+++ Given records +++

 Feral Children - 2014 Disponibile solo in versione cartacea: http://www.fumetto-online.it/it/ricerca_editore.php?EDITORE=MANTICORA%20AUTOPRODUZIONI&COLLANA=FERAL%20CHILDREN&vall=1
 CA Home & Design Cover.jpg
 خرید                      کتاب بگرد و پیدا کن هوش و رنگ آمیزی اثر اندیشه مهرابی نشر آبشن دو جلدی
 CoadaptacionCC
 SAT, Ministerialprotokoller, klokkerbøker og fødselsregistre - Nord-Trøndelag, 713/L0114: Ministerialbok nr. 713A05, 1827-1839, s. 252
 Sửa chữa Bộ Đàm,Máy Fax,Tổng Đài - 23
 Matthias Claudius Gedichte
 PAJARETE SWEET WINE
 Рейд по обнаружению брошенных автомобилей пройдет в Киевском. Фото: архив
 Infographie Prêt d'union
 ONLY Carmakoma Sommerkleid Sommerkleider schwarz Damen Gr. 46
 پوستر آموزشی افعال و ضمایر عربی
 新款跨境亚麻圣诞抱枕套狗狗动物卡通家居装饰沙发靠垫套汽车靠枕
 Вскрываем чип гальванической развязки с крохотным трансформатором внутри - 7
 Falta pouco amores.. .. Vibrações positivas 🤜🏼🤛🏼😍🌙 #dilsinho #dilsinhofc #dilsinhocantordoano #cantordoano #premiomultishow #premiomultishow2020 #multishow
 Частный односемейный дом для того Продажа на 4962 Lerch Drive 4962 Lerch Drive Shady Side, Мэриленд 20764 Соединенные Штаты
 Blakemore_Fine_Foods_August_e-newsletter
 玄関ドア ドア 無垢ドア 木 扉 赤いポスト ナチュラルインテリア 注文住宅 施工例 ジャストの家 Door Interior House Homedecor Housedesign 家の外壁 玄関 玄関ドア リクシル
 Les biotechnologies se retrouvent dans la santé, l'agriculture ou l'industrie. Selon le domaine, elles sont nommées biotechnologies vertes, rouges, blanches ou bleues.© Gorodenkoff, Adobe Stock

+++

- Task brief
Please give again the lines above between the line holding "CoadaptacionCC" and the line holding "Infographie Prêt d'union", inclusive, exactly as they are and with nothing added.

- Finished task
 CoadaptacionCC
 SAT, Ministerialprotokoller, klokkerbøker og fødselsregistre - Nord-Trøndelag, 713/L0114: Ministerialbok nr. 713A05, 1827-1839, s. 252
 Sửa chữa Bộ Đàm,Máy Fax,Tổng Đài - 23
 Matthias Claudius Gedichte
 PAJARETE SWEET WINE
 Рейд по обнаружению брошенных автомобилей пройдет в Киевском. Фото: архив
 Infographie Prêt d'union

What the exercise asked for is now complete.